Cherry juice is effective. Health shops sell it. Definitely worked for me. Good luck.
— Bobofinch (@bobofinch) 2017年8月31日
“Clare Groves @ClareTheScot2
夜、足がけいれんするのに悩んでいます。最近は、それで4回も目が覚めてしまいました。水をたくさん飲むようにしていますが、ほかに何をすればいいかわかりません。
Bobofinch @bobofinch
チェリージュースが効果的です。 健康ショップで売ってますよ。私にはとても効きました。うまくいくといいですね。”

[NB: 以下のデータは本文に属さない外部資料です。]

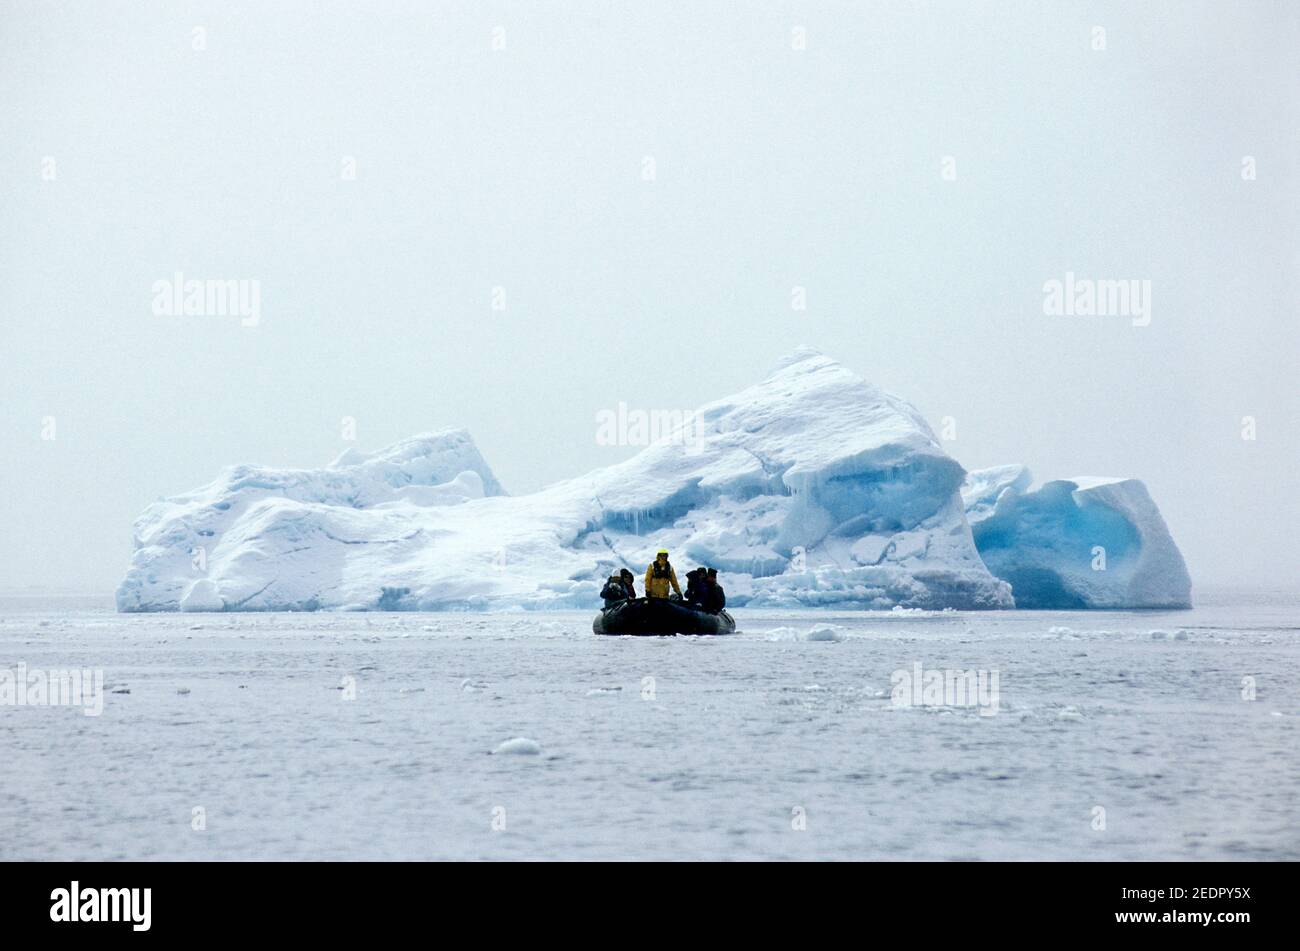 A zodiac with tourists is returning after checking out an iceberg on Antarctica Stock Photo

ある意味では、私たちの誰もが自分の健康についての専門家だといえます。誰もが、自分に何が起きていて、その状況を変えるために何をして、その結果がどうだったのかを知っています。ある食事法を試してヒザの痛みが消えた経験があれば、そのやり方がどれほど効果的かというストーリーが頭の中で出来上がります。そして、相談してくる人全員にその話をすることになります。

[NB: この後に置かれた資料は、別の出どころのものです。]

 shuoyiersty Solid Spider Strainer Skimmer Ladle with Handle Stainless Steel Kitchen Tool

しかし、逆の立場から見るとどうなるでしょうか。あなたがヒザの痛みを抱えていたとき、友人から乳製品をやめればいいといわれたことはありませんか? どれほど友人の話に説得力があったとしても、それはたった1つのデータにもとづいた意見にすぎません。友人に起きたからといって、あなたにも起きる保証はどこにもないのです。

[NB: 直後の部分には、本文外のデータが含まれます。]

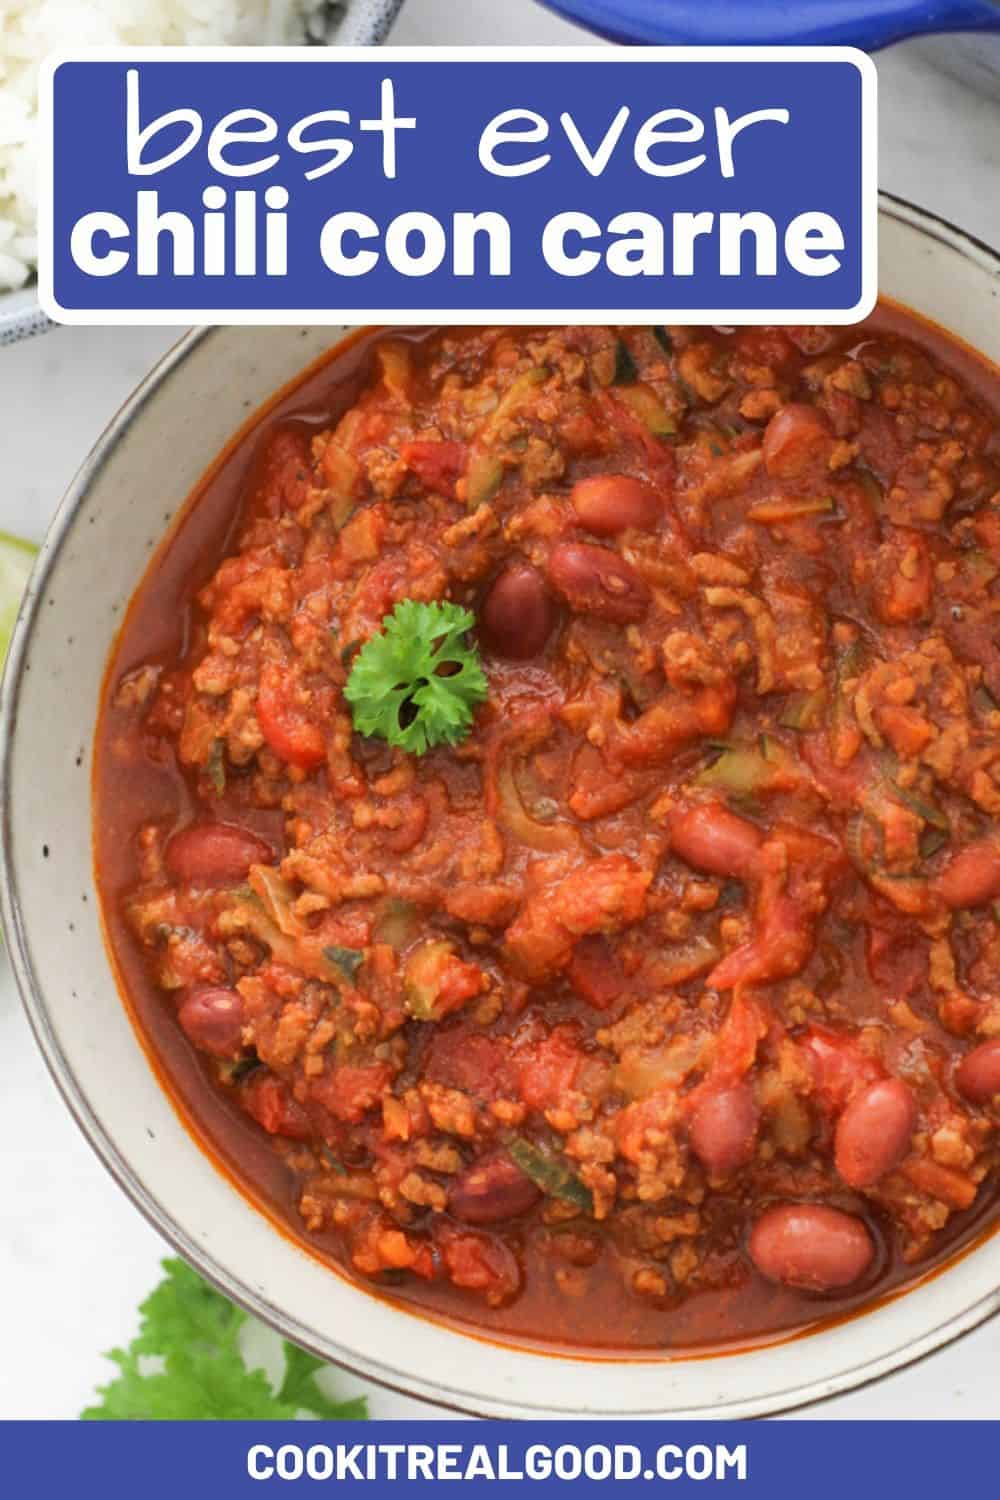 Healthy Chilli Con Carne - Cook it Real Good

心の底では、あなたもこのことを理解しています。「乳製品をやめれば関節炎が治る」「MMRワクチンが自閉症を引き起こす」「ホメオパシーで風邪が治る」こうしたことが真実かどうかを確かめたいなら、たった1人の意見ではなく、大勢の意見を聞く必要があります。友人の話にいくら説得力があってもです。
とはいえ、相手はあなたの友人です。そしてあなたはその人を信頼しています。また、友人が食事法を試す前と後の様子を知っていて、たしかに事態が改善したのを見ているかもしれません。もしそうなら、友人の話を信じて何がいけないのでしょうか?
認知バイアスがあるから
私たちは思考するときに近道を通ろうとします。怠慢だからではなく、賢いからです。目にする情報すべてについて、事実確認を行なっていては、朝、寝室から出ることすらできなくなります。ですので、私たちは多くの思考プロセスを自動操縦モードで実行しているのです。
私たちを正気に保つためのこの戦略は、認知バイアスと呼ばれています。これは決して悪いものではありません。ただ、その存在に気づき、それが役に立たない場面を理解しておくべきだということです。
たとえば、確証バイアスとは、世界はこうであるという認知モデルをいったん獲得すると、そのモデルに適合する情報ばかりを集めるようになる傾向のことです。多くの情報がそのモデルに合致し、一部に合致しない情報があるとき、合致しない一部を無視してしまいます。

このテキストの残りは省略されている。